From what I have heard, there are a number of people who want the EBS solution, but would like to deploy it without the Security Server. The reason most of these people give for not wanting the Security Server is that they already have a “firewall” and therefore do not think they need the TMG component or that the TMG firewall adds to much complexity to what is considered an otherwise “simple” network security configuration.
At first blush you might think “sure, that is a valid request. If the customer already has a firewall, why introduce a second firewall into the mix?” The problem with this thinking is that the EBS team put a great deal of work thinking about the EBS threat models and how to make sure that all components of the solution have adequate defenses against the enumerated threats.
The TMG in the EBS solution allows remote access to a number of services on the EBS network. Some examples of the services to which users can gain remote access to include OWA, RPC/HTTP, Exchange ActiveSync, Terminal Services and Terminal Services Gateway, and SMTP. And these are the default settings. In a production network, you’ll likely see the TMG allow inbound access to POP3S, IMAP4S, DNS and other protocols.
Given all the remote access traffic that the EBS solution supports, you need to be assured that the connections from the external clients can be trusted. The problem the EBS team has, and you as a potential EBS customer, is that how can you define the threat model and the response to the established EBS threat model if you can’t control the nature of the defenses against those threats.
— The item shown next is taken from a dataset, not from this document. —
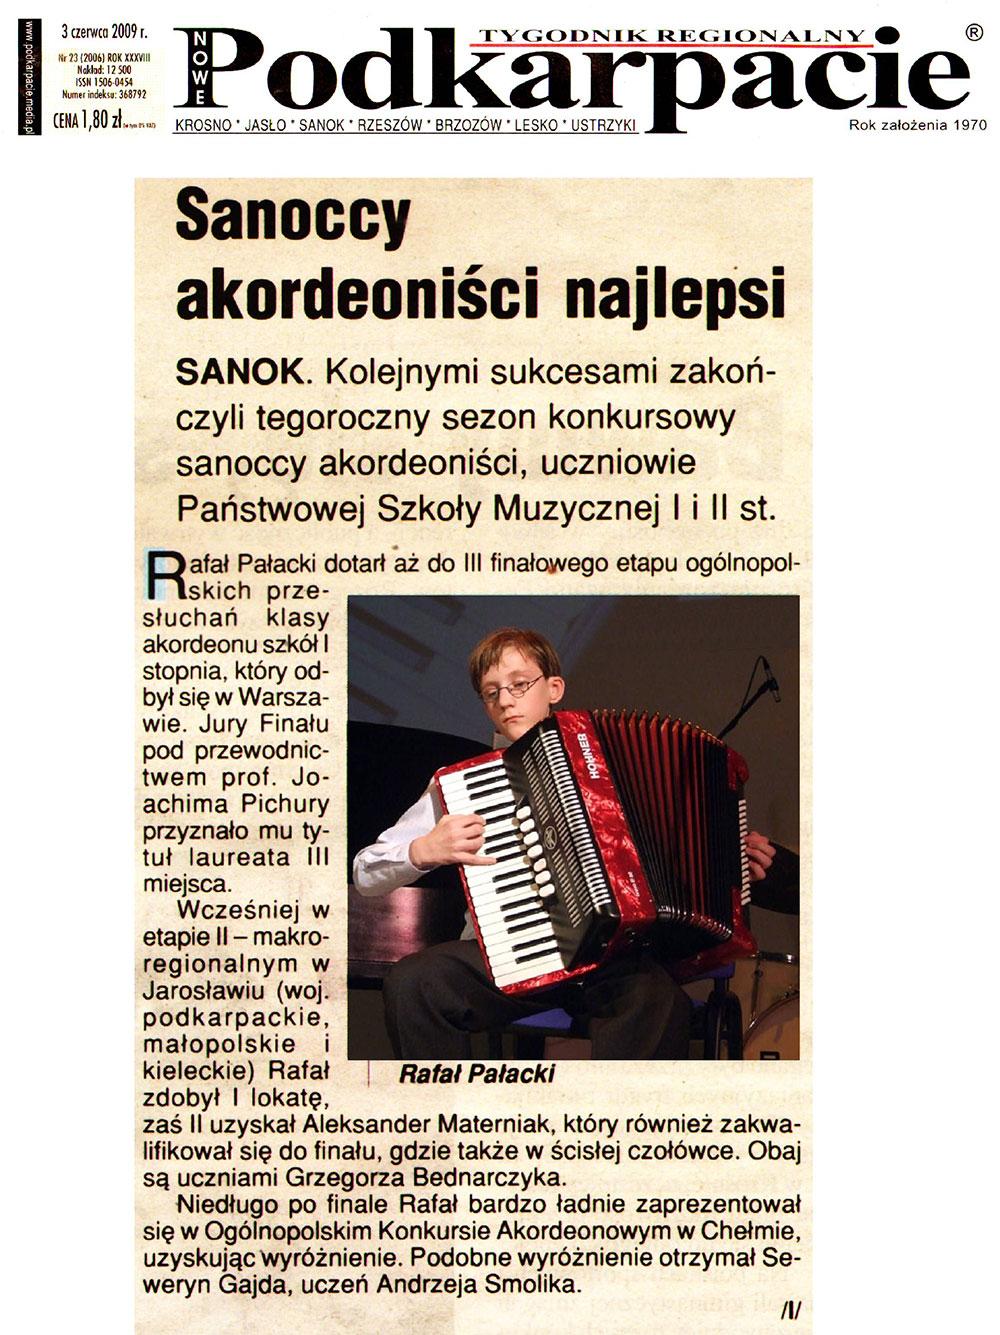 Prasa-Sanoccy-akordeoniści-najlepsi

The type of “firewall” that small and midsized businesses might already have in place can vary widely. In most cases, the “firewall” they are currently using is little more than a NAT device that also provides some NAT editors and the ability to perform reverse NAT or “port forwarding” for UDP and TCP ports. Some of them might even include a rudimentary remote access VPN server or even support site to site VPN connections. Other “firewalls” the customer might have in place might include some degree of content filtering or even anti-malware capabilities.
The thing is, the EBS team does not know what kind of “firewall” you already have in place. But they do know what security features and capabilities the TMG has. The TMG provides an exceptionally high level of security for remote access connections by providing pre-authentication for inbound connections to Web servers, a firewall generated log on page, protections against anonymous attacks, an HTTP Security Filter to ensure HTTP protocol stream compliance and security, an SMTP filter to block SMTP exploits, an Edge Exchange Server prevent spam and its attendant malware and phishing attacks from entering the network over the SMTP protocol channel, strong outbound access control on a per user, per group, per protocol, per site basis, network flood protection, stateful packet and application layer inspection for all communications through and to the TMG firewall (including remote access VPN connections), and many more security capabilities.
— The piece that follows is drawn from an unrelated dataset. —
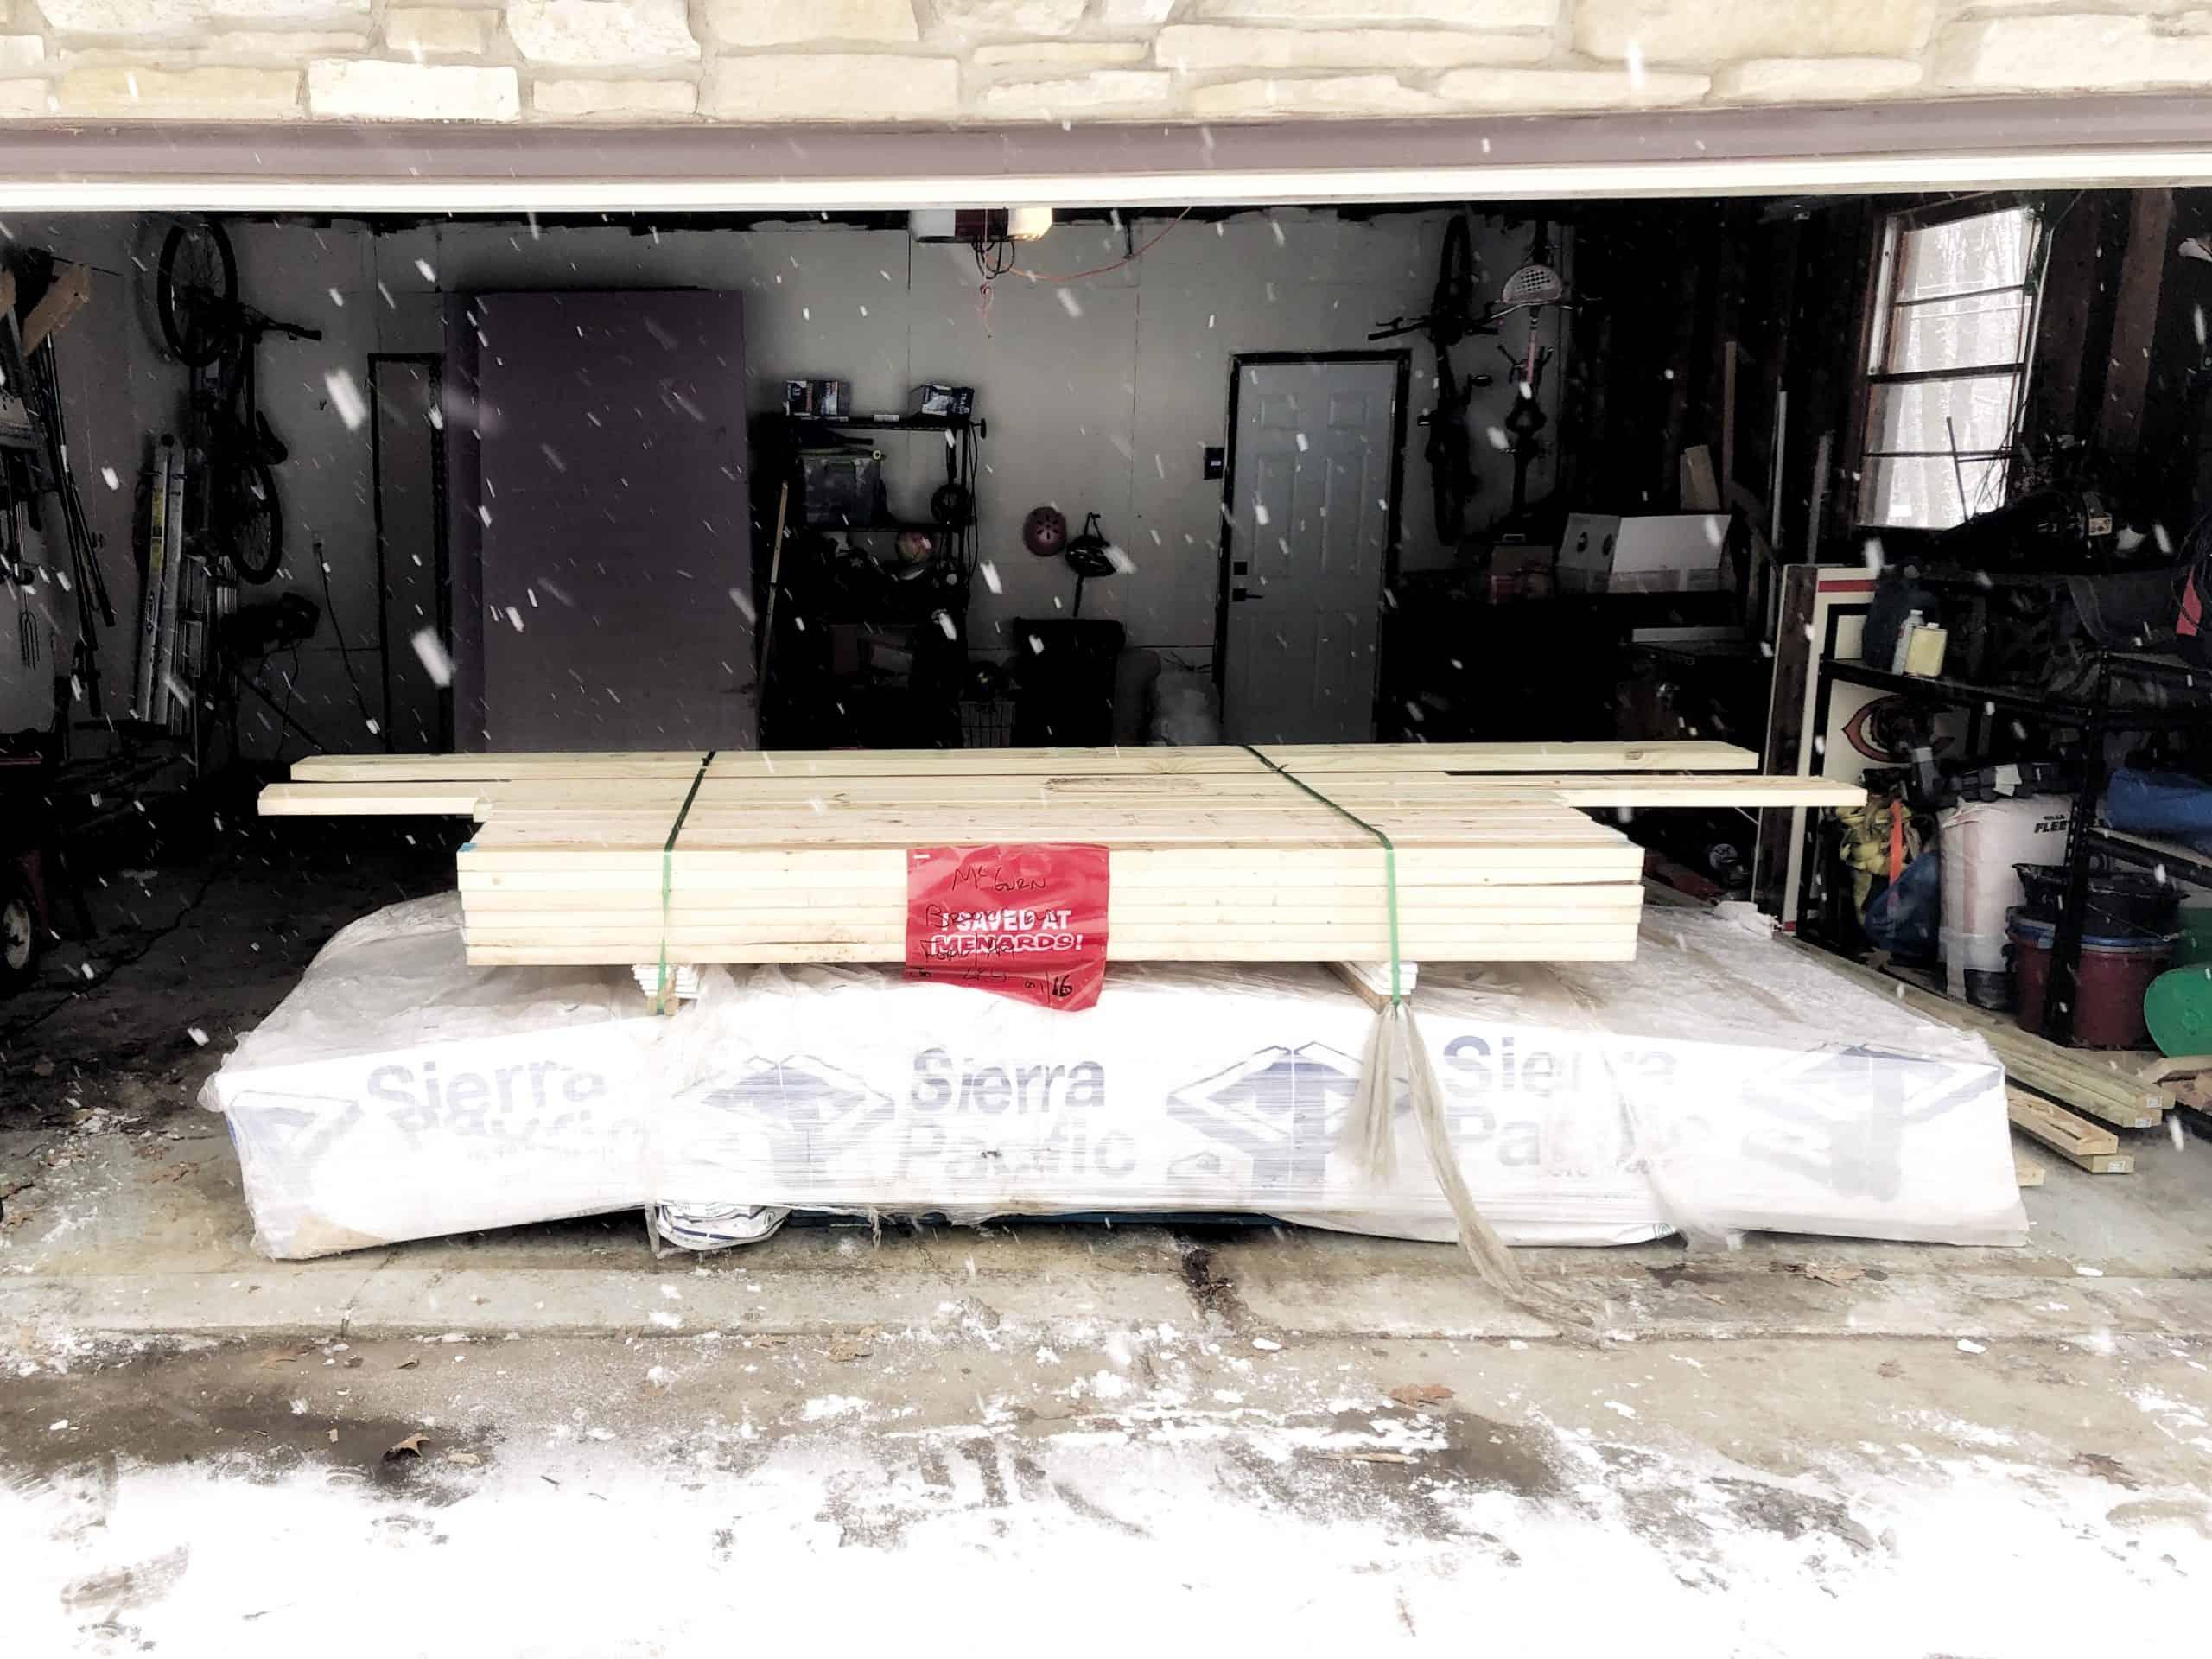 Menards Supply Delivery

Thus, the threat and response model for the EBS solution is based on a relatively sophisticated set of network security tools that are available with the TMG. Yes, it is possible that a small or midsized business has paid thousands of dollars for another firewall solution that can provide some of the features included in the TMG feature set, but it is unlikely that a non-TMG firewall could provide all the features that are used to provide the strong inbound and outbound access controls and connection scrubbing that the TMG firewall can provide.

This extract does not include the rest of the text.